**EXERCISE OBJECTIVE:** The records below must be reproduced exactly. Strip out the pictures.

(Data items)
*** Begin section ***
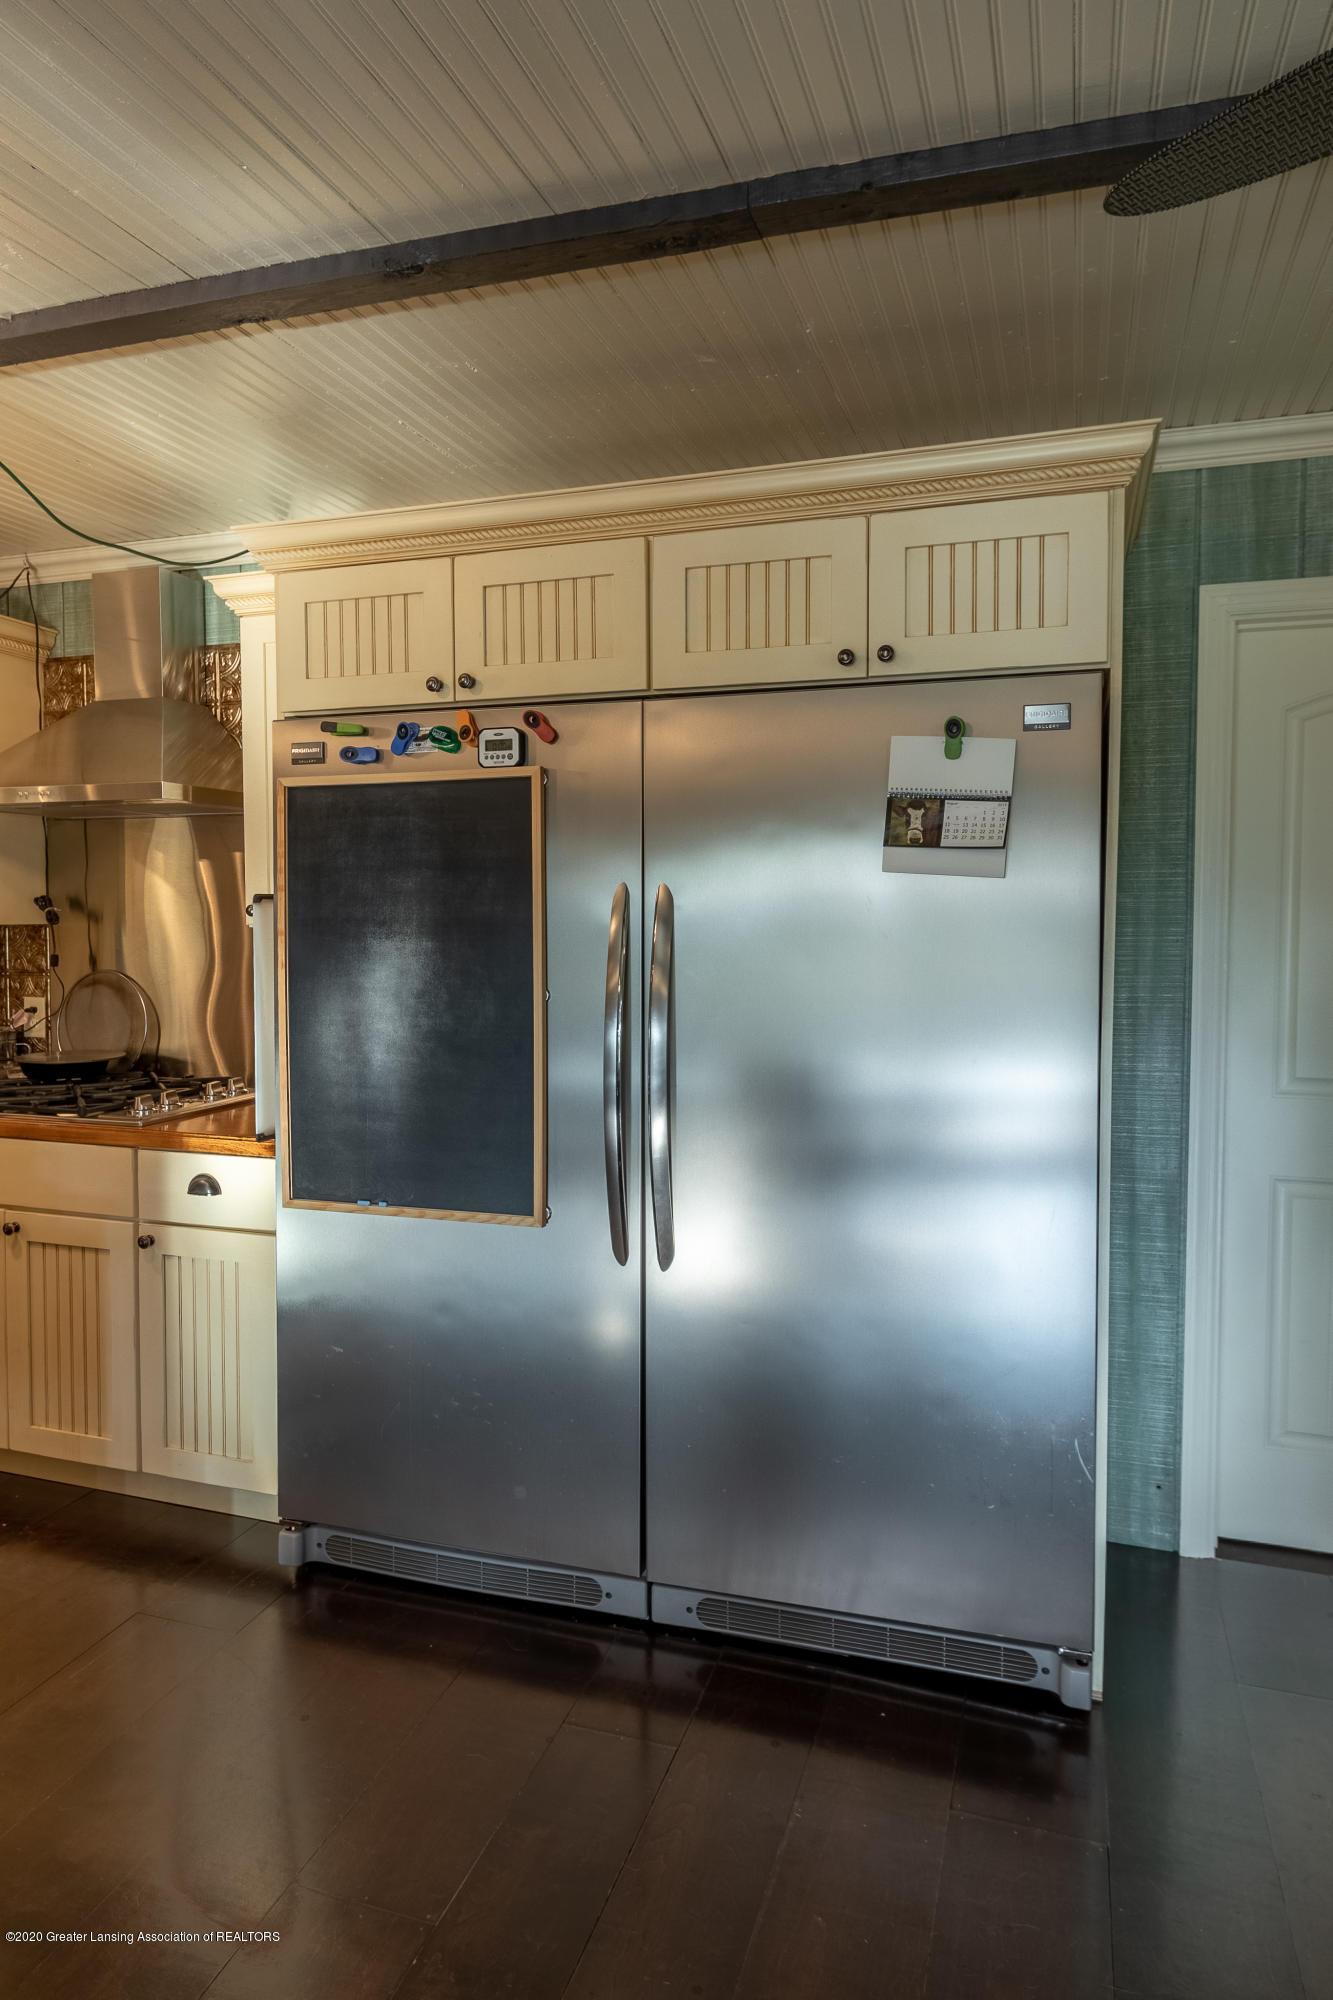 9648 W Wilbur Hwy - Refrigerator - 45
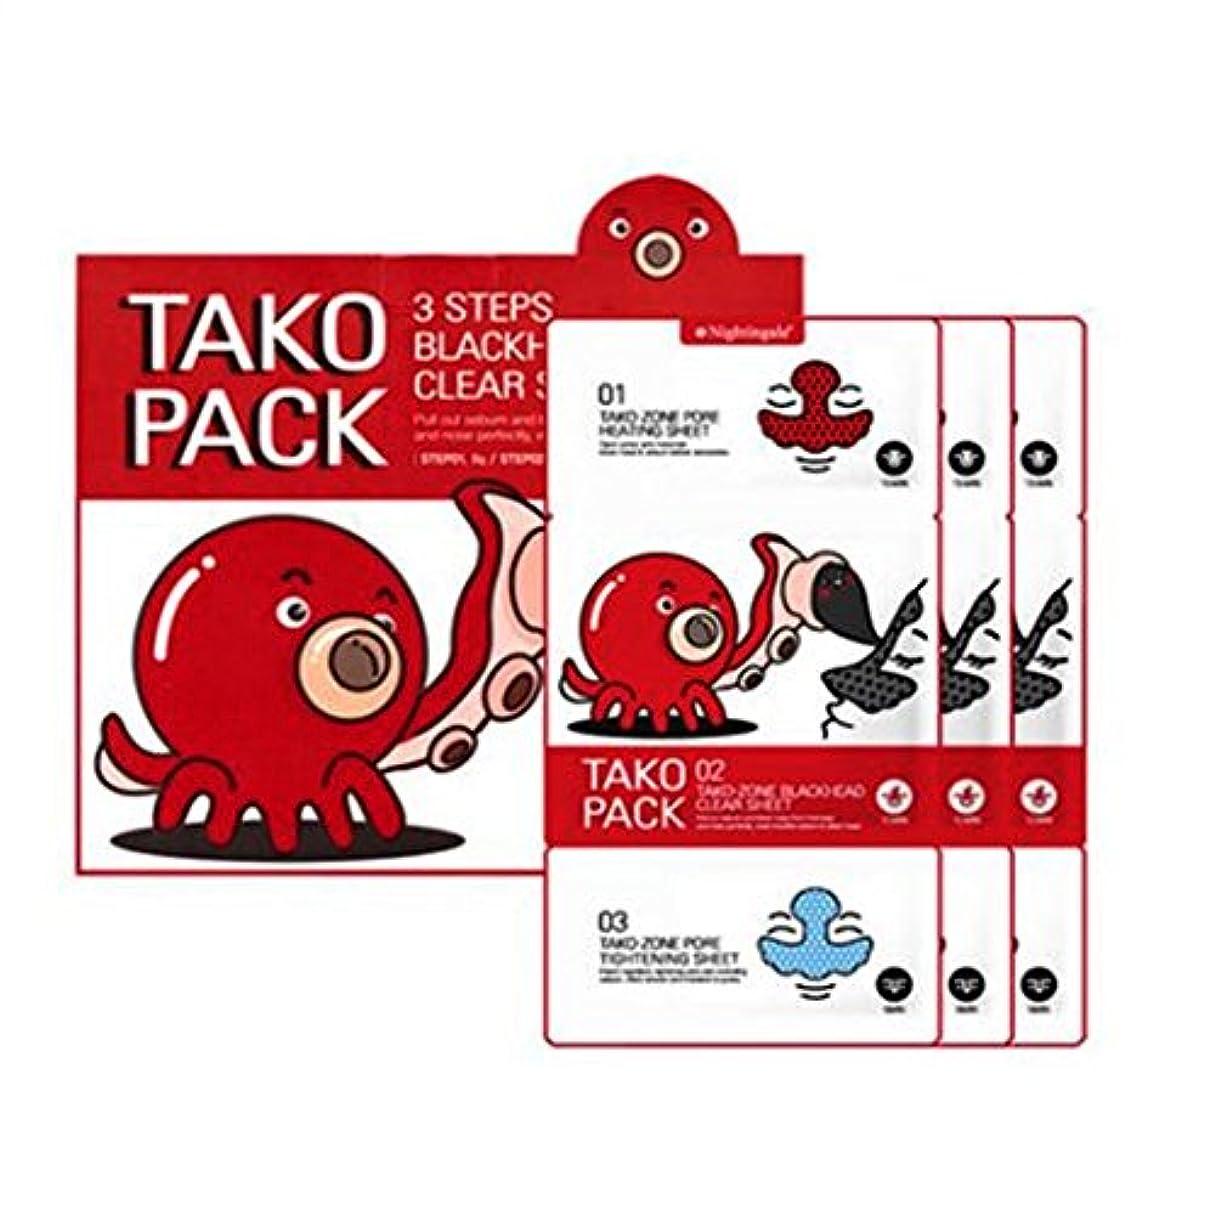 綺麗なシフトエレメンタルNightingale 3Step Tako Pack 3EA/ナイチンゲール 3ステップ タコ パック [タコ吸着パック] 3回分 [並行輸入品]
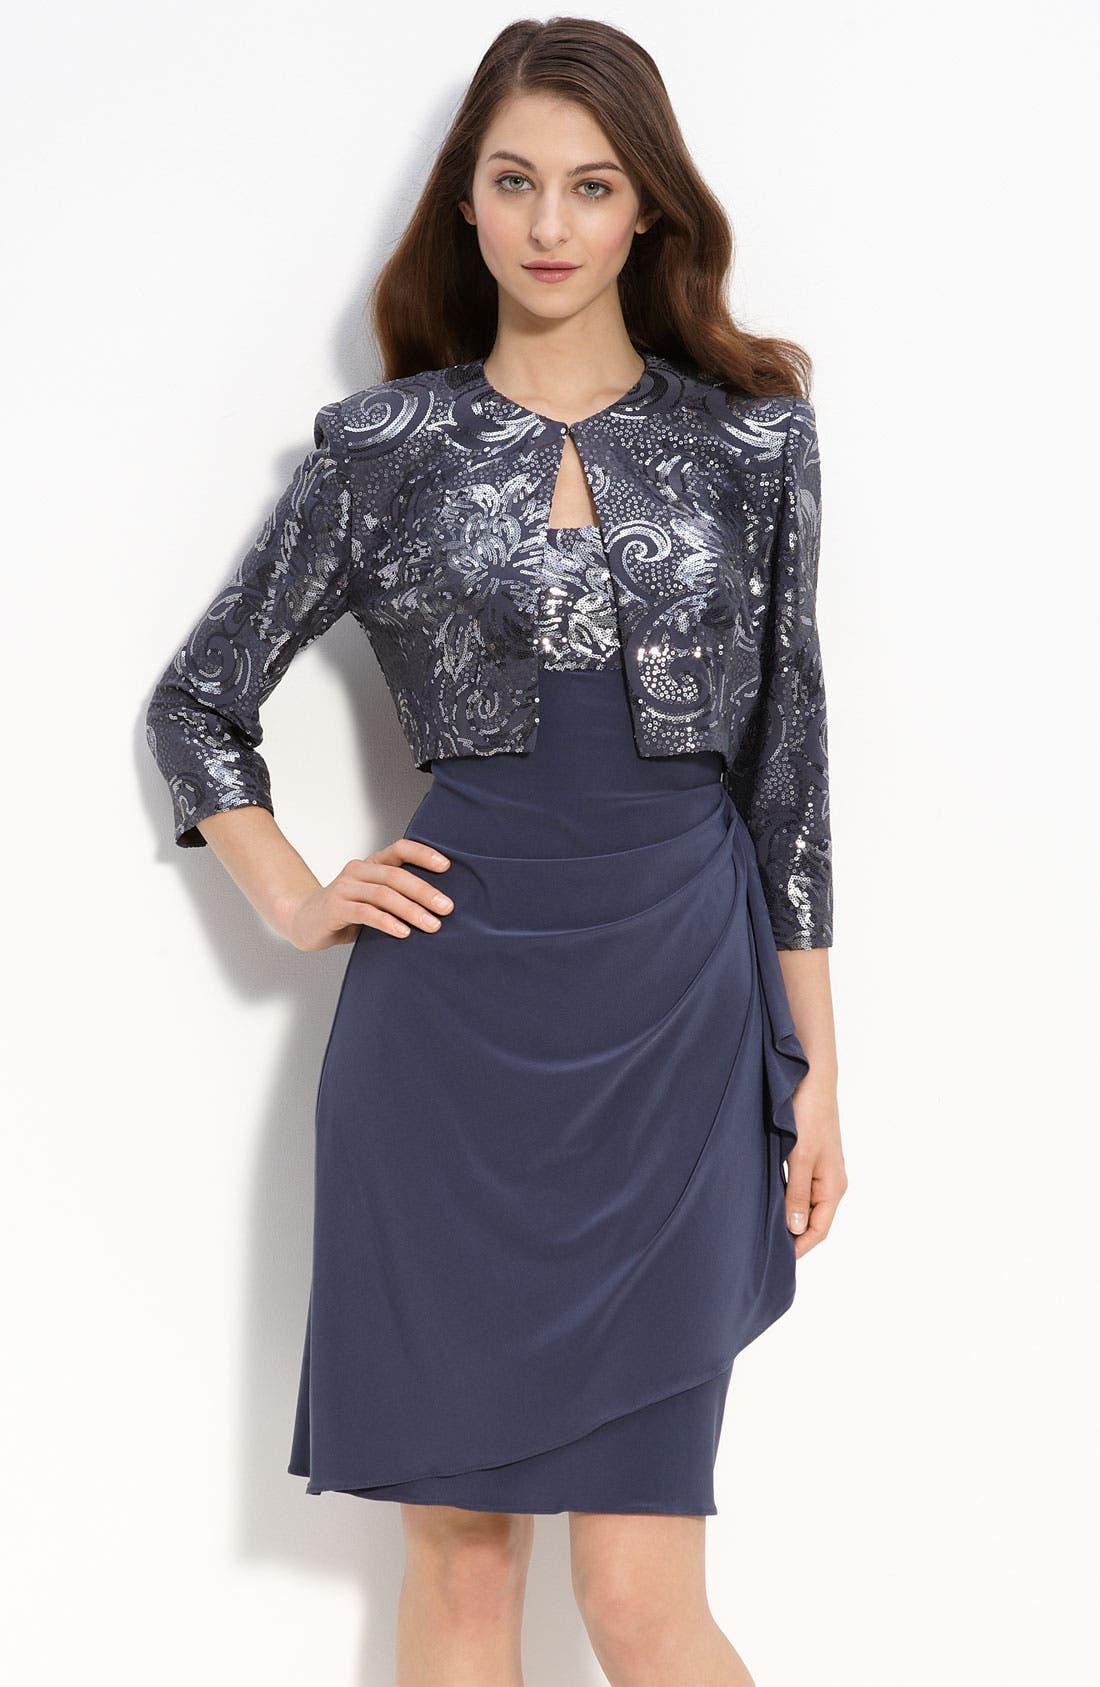 Alternate Image 1 Selected - Alex Evenings Sequin Jersey Sheath Dress & Bolero
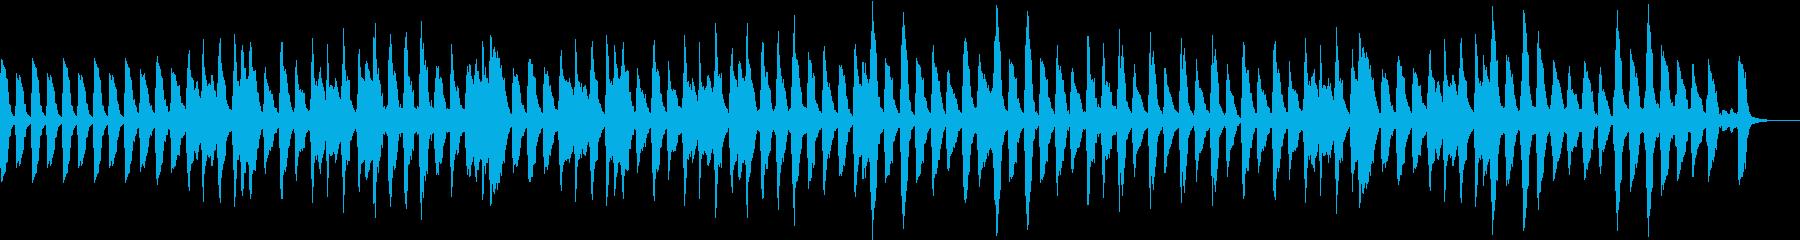 ほのぼのな日常的曲の再生済みの波形
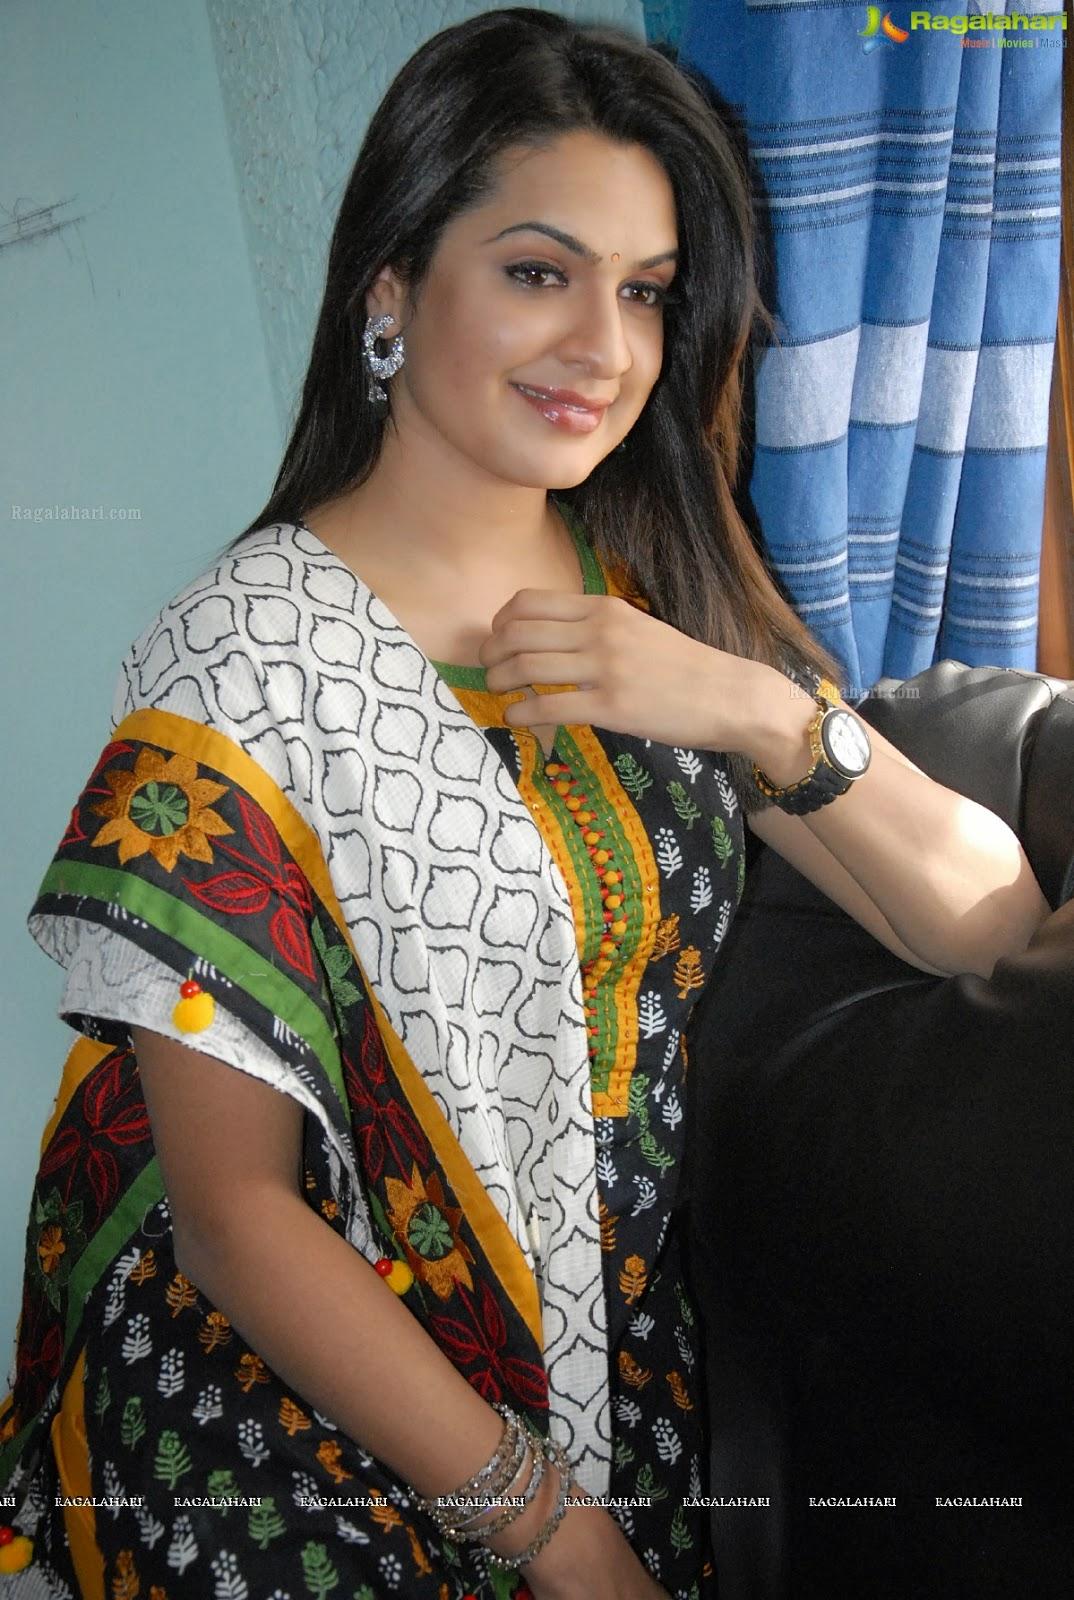 Desi girls bhabhi
*** End section ***
**TASK RESPONSE:**
 9648 W Wilbur Hwy - Refrigerator - 45
 綺麗なシフトエレメンタルNightingale 3Step Tako Pack 3EA/ナイチンゲール 3ステップ タコ パック [タコ吸着パック] 3回分 [並行輸入品]
 Alternate Image 1 Selected - Alex Evenings Sequin Jersey Sheath Dress & Bolero
 ほのぼのな日常的曲の再生済みの波形
 Desi girls bhabhi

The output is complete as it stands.